In particular embodiments, memory 804 includes main memory for storing instructions for processor 802 to execute or data for processor 802 to operate on. As an example and not by way of limitation, computer system 800 may load instructions from storage 806 or another source (such as, for example, another computer system 800) to memory 804. Processor 802 may then load the instructions from memory 804 to an internal register or internal cache. To execute the instructions, processor 802 may retrieve the instructions from the internal register or internal cache and decode them. During or after execution of the instructions, processor 802 may write one or more results (which may be intermediate or final results) to the internal register or internal cache. Processor 802 may then write one or more of those results to memory 804. In particular embodiments, processor 802 executes only instructions in one or more internal registers or internal caches or in memory 804 (as opposed to storage 806 or elsewhere) and operates only on data in one or more internal registers or internal caches or in memory 804 (as opposed to storage 806 or elsewhere). One or more memory buses (which may each include an address bus and a data bus) may couple processor 802 to memory 804. Bus 812 may include one or more memory buses, as described below. In particular embodiments, one or more memory management units (MMUs) reside between processor 802 and memory 804 and facilitate accesses to memory 804 requested by processor 802. In particular embodiments, memory 804 includes random access memory (RAM). This RAM may be volatile memory, where appropriate Where appropriate, this RAM may be dynamic RAM (DRAM) or static RAM (SRAM). Moreover, where appropriate, this RAM may be single-ported or multi-ported RAM. This disclosure contemplates any suitable RAM. Memory 804 may include one or more memories 804, where appropriate. Although this disclosure describes and illustrates particular memory, this disclosure contemplates any suitable memory.

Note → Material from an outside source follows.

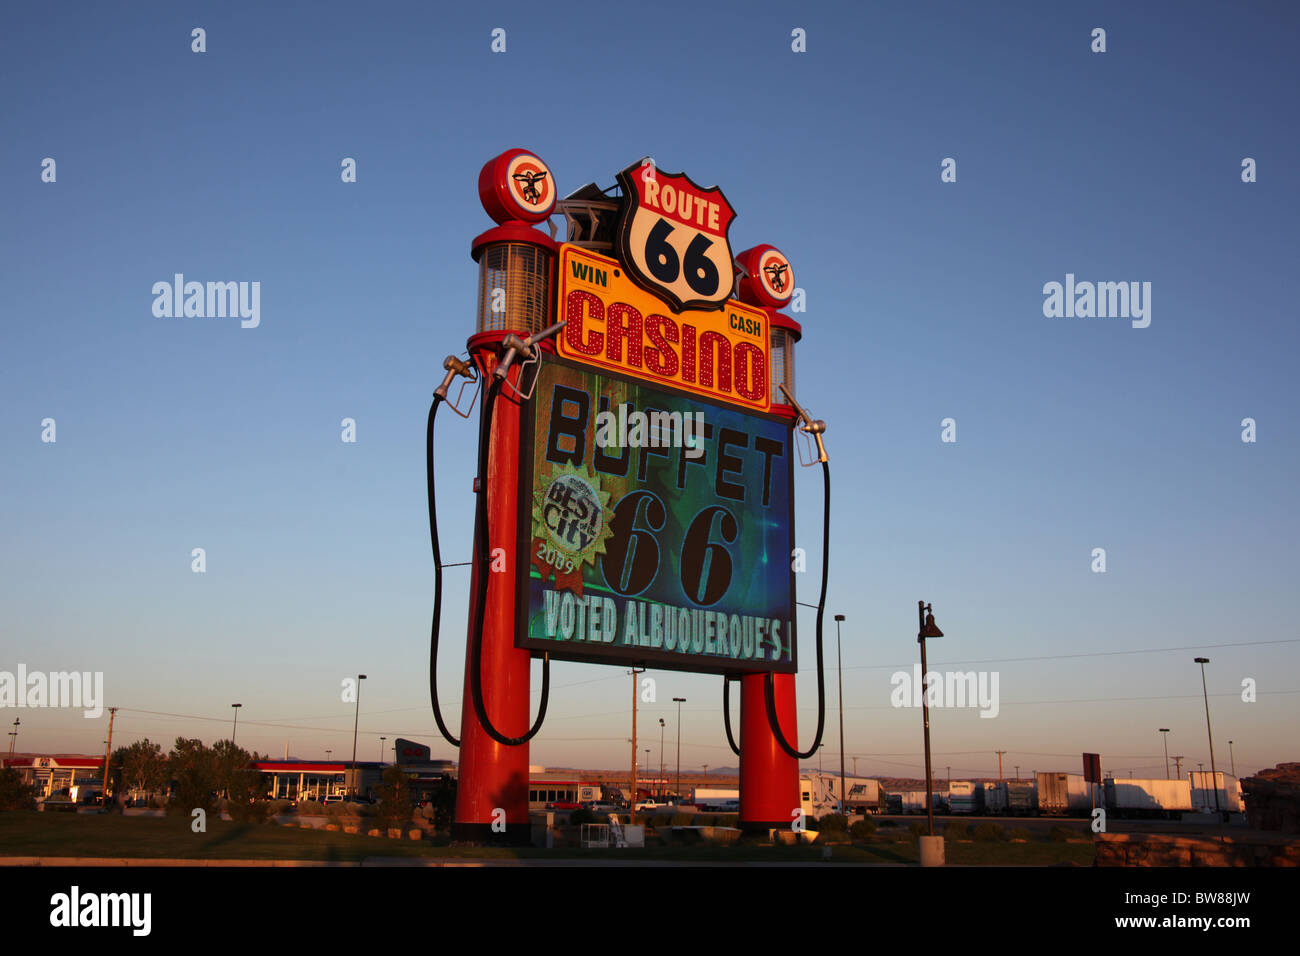 Route 66 Casino Hotel roadside neon sign in Albuquerque, New Mexico, June 16, 2010 Stock Photo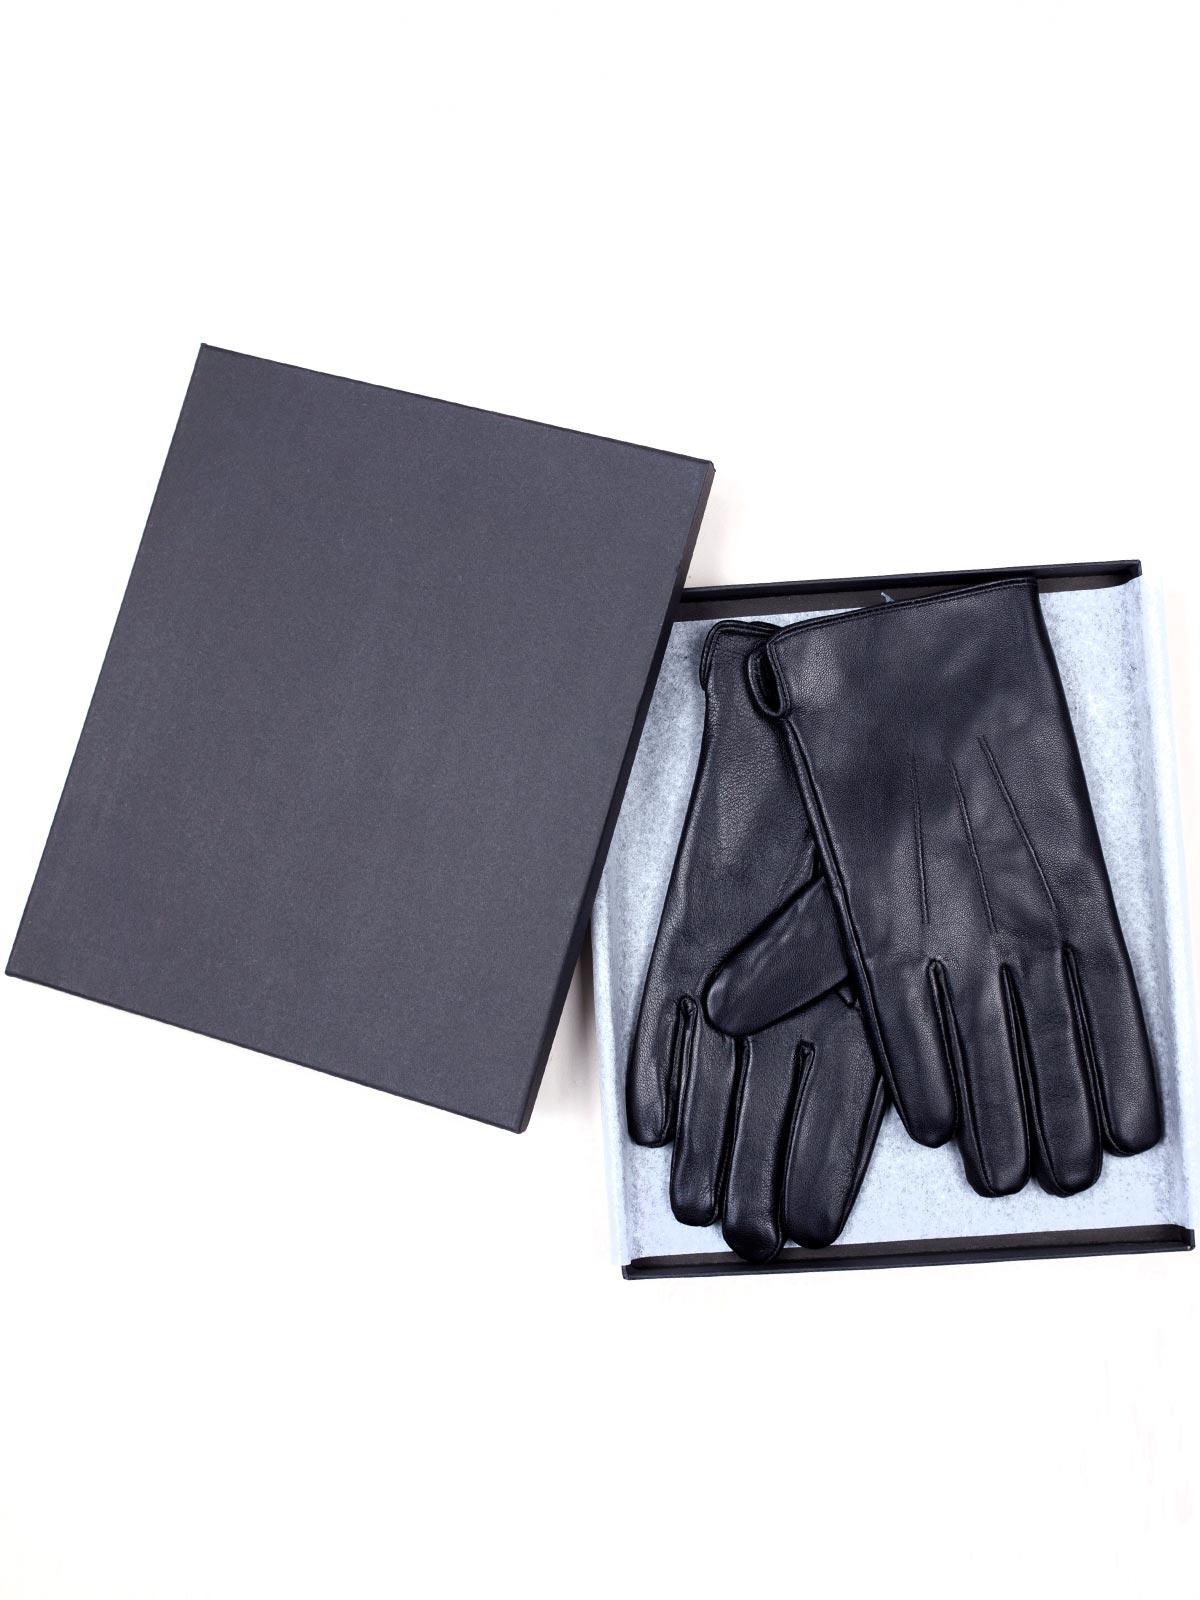  δερμάτινα γάντια με διακοσμητικές ραφές - 10572 - € 31.50 img3

In particular embodiments, storage 806 includes mass storage for data or instructions. As an example and not by way of limitation, storage 806 may include a hard disk drive (HDD), a floppy disk drive, flash memory, an optical disc, a magneto-optical disc, magnetic tape, or a Universal Serial Bus (USB) drive or a combination of two or more of these. Storage 806 may include removable or non-removable (or fixed) media, where appropriate. Storage 806 may be internal or external to computer system 800, where appropriate. In particular embodiments, storage 806 is non-volatile, solid-state memory. In particular embodiments, storage 806 includes read-only memory (ROM). Where appropriate, this ROM may be mask-programmed ROM, programmable ROM (PROM), erasable PROM (EPROM), electrically erasable PROM (EEPROM), electrically alterable ROM (EAROM), or flash memory or a combination of two or more of these. This disclosure contemplates mass storage 806 taking any suitable physical form. Storage 806 may include one or more storage control units facilitating communication between processor 802 and storage 806, where appropriate. Where appropriate, storage 806 may include one or more storages 806. Although this disclosure describes and illustrates particular storage, this disclosure contemplates any suitable storage.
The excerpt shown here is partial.